Stored records:

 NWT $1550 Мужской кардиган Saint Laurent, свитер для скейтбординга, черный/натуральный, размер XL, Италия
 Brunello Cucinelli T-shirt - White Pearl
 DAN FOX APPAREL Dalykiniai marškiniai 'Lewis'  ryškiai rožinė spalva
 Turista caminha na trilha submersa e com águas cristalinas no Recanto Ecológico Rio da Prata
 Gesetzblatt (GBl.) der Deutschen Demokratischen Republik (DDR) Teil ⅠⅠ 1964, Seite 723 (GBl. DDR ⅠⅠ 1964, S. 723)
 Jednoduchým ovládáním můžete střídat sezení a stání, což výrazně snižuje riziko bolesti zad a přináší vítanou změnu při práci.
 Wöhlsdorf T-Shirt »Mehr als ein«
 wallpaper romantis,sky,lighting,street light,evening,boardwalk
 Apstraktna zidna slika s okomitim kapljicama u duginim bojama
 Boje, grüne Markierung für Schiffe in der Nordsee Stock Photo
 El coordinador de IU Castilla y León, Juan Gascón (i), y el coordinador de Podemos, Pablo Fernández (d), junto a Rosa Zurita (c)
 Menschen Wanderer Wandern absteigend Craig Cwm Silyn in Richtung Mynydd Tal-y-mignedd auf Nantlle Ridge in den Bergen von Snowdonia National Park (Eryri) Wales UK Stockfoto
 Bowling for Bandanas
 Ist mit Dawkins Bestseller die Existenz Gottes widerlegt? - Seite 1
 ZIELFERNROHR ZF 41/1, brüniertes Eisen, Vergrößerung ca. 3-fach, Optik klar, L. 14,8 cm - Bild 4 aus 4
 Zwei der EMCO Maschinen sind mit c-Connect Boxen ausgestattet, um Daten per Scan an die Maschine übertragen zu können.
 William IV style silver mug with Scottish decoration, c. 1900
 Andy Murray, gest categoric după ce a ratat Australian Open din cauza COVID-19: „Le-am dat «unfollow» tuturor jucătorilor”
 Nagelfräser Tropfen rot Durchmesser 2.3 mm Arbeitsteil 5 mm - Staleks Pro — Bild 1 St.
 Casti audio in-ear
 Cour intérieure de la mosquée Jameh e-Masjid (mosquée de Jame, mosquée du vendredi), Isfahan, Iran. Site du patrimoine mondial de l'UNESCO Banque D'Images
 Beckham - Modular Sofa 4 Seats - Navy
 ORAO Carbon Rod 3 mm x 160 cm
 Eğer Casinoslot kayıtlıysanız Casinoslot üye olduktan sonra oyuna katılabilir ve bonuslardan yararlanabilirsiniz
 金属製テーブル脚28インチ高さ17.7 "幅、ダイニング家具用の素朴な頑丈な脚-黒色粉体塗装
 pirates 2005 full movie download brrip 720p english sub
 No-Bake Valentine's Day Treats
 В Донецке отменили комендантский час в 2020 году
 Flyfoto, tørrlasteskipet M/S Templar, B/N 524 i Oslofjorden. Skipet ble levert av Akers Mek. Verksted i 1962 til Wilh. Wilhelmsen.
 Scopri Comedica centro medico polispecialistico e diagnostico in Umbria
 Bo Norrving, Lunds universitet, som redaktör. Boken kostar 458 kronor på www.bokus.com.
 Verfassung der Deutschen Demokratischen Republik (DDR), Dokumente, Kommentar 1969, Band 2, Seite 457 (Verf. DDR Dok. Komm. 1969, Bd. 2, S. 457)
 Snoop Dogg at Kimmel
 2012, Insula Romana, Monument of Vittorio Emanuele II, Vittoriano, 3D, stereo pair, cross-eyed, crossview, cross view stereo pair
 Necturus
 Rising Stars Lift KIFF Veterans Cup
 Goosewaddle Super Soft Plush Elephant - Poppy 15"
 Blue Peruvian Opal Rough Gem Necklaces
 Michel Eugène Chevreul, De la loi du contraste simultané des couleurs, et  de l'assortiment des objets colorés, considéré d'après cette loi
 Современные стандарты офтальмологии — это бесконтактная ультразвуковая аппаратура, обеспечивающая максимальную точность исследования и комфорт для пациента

§ **Directions for this task**:
Here the job is to transcribe the lines from the first line of the data through the line containing "Andy Murray, gest", inclusive, exactly and with nothing else.

§ **Written response**:
 NWT $1550 Мужской кардиган Saint Laurent, свитер для скейтбординга, черный/натуральный, размер XL, Италия
 Brunello Cucinelli T-shirt - White Pearl
 DAN FOX APPAREL Dalykiniai marškiniai 'Lewis'  ryškiai rožinė spalva
 Turista caminha na trilha submersa e com águas cristalinas no Recanto Ecológico Rio da Prata
 Gesetzblatt (GBl.) der Deutschen Demokratischen Republik (DDR) Teil ⅠⅠ 1964, Seite 723 (GBl. DDR ⅠⅠ 1964, S. 723)
 Jednoduchým ovládáním můžete střídat sezení a stání, což výrazně snižuje riziko bolesti zad a přináší vítanou změnu při práci.
 Wöhlsdorf T-Shirt »Mehr als ein«
 wallpaper romantis,sky,lighting,street light,evening,boardwalk
 Apstraktna zidna slika s okomitim kapljicama u duginim bojama
 Boje, grüne Markierung für Schiffe in der Nordsee Stock Photo
 El coordinador de IU Castilla y León, Juan Gascón (i), y el coordinador de Podemos, Pablo Fernández (d), junto a Rosa Zurita (c)
 Menschen Wanderer Wandern absteigend Craig Cwm Silyn in Richtung Mynydd Tal-y-mignedd auf Nantlle Ridge in den Bergen von Snowdonia National Park (Eryri) Wales UK Stockfoto
 Bowling for Bandanas
 Ist mit Dawkins Bestseller die Existenz Gottes widerlegt? - Seite 1
 ZIELFERNROHR ZF 41/1, brüniertes Eisen, Vergrößerung ca. 3-fach, Optik klar, L. 14,8 cm - Bild 4 aus 4
 Zwei der EMCO Maschinen sind mit c-Connect Boxen ausgestattet, um Daten per Scan an die Maschine übertragen zu können.
 William IV style silver mug with Scottish decoration, c. 1900
 Andy Murray, gest categoric după ce a ratat Australian Open din cauza COVID-19: „Le-am dat «unfollow» tuturor jucătorilor”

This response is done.